Uma operação deflagrada pela Polícia Civil de Roraima nesta semana marca um novo estágio no enfrentamento ao crime organizado. Com mandados de prisão, busca e apreensão no próprio estado e também em São Paulo, Rio de Janeiro, Minas Gerais, Amazonas e Paraná, a ação coordenada pela Delegacia de Repressão às Organizações Criminosas (Draco) roraimense teve como alvo um esquema da facção criminosa venezuelana Tren de Aragua, que usava a fronteira para fornecer armamento pesado proveniente de Estados Unidos e Colômbia a facções brasileiras como o Comando Vermelho.

Essas conexões ressaltam a importância da aproximação entre órgãos de segurança do Brasil e de países fronteiriços, para compartilhar informações e planejar ações contra grupos que estão na frente dos governos em sua integração continental. Se, para o crime, não há mais fronteiras, Estados nacionais devem se adaptar à realidade, por meio de protocolos de entendimento que permitam repressão coordenada. A extensão da operação dá ideia da ramificação da facção venezuelana no Brasil, em aliança com organizações locais. É um sinal preocupante da internacionalização do crime na América Latina.

A operação visou apenas ao braço financeiro da conexão entre o Tren de Aragua e grupos brasileiros. Entre os 11 presos, estão dois acusados de ser operadores das finanças do esquema. Um foi preso no Aeroporto do Galeão, no Rio, o outro em Foz do Iguaçu, no Paraná. De acordo com as investigações, os acusados movimentaram nos últimos 12 meses mais de R$ 300 milhões apenas em criptoativos, de difícil rastreamento. Em dois anos, diz a polícia, passaram R$ 6 bilhões do Tren de Aragua pelo Brasil.

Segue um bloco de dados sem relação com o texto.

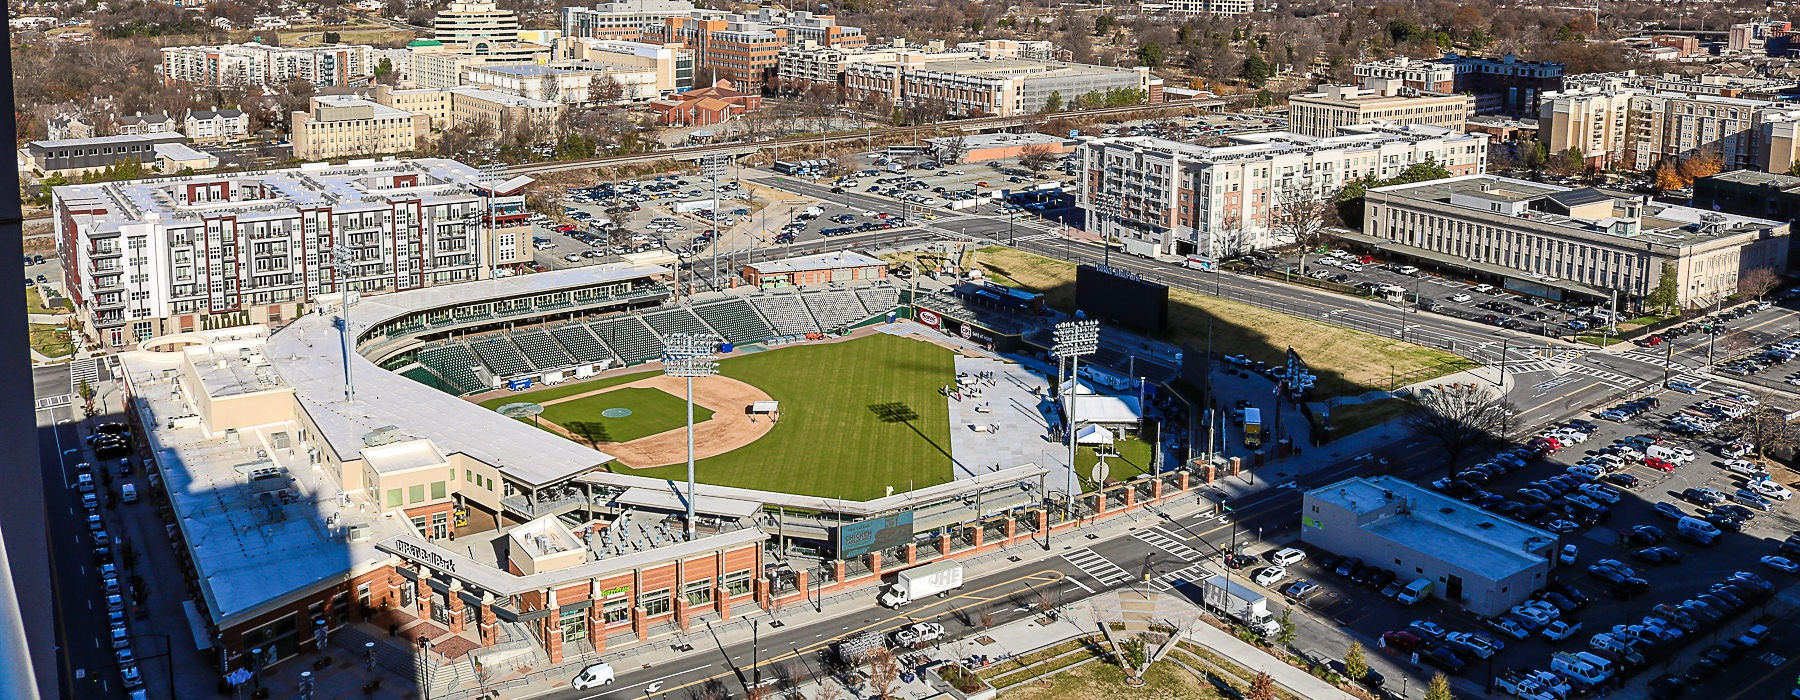 downtown views of Charlotte, NC and baseball stadium

A infiltração da organização no país aproveitou-se do aumento da imigração de venezuelanos. Começou com exploração da prostituição, entrou no tráfico de drogas e chegou ao contrabando de armas para abastecer facções brasileiras. Não interessa ao Tren de Aragua disputar controle territorial. Seu negócio é trabalhar como fornecedor de facções não só de armas, mas também de drogas, em especial sintéticas, como metanfetamina ou ecstasy. Organizações como o Tren de Aragua têm à disposição a Rota do Norte, pela Amazônia, para transportar drogas e armas por rios e estradas. É um crime difícil de reprimir sem a integração entre órgãos de segurança dentro e fora do país.

Somadas, as fronteiras com Venezuela, Colômbia, Peru e Bolívia — estes três, os maiores produtores de cocaína do mundo — chegam a mais de 10 mil quilômetros, ou 60% da fronteira seca do país. É impossível fiscalizá-las sem uso de tecnologia e trabalho compartilhado de segurança e troca de informações. A operação contra o Tren de Aragua deve abrir caminho a maior aproximação entre o Brasil e países vizinhos para enfrentar a ameaça comum do crime organizado.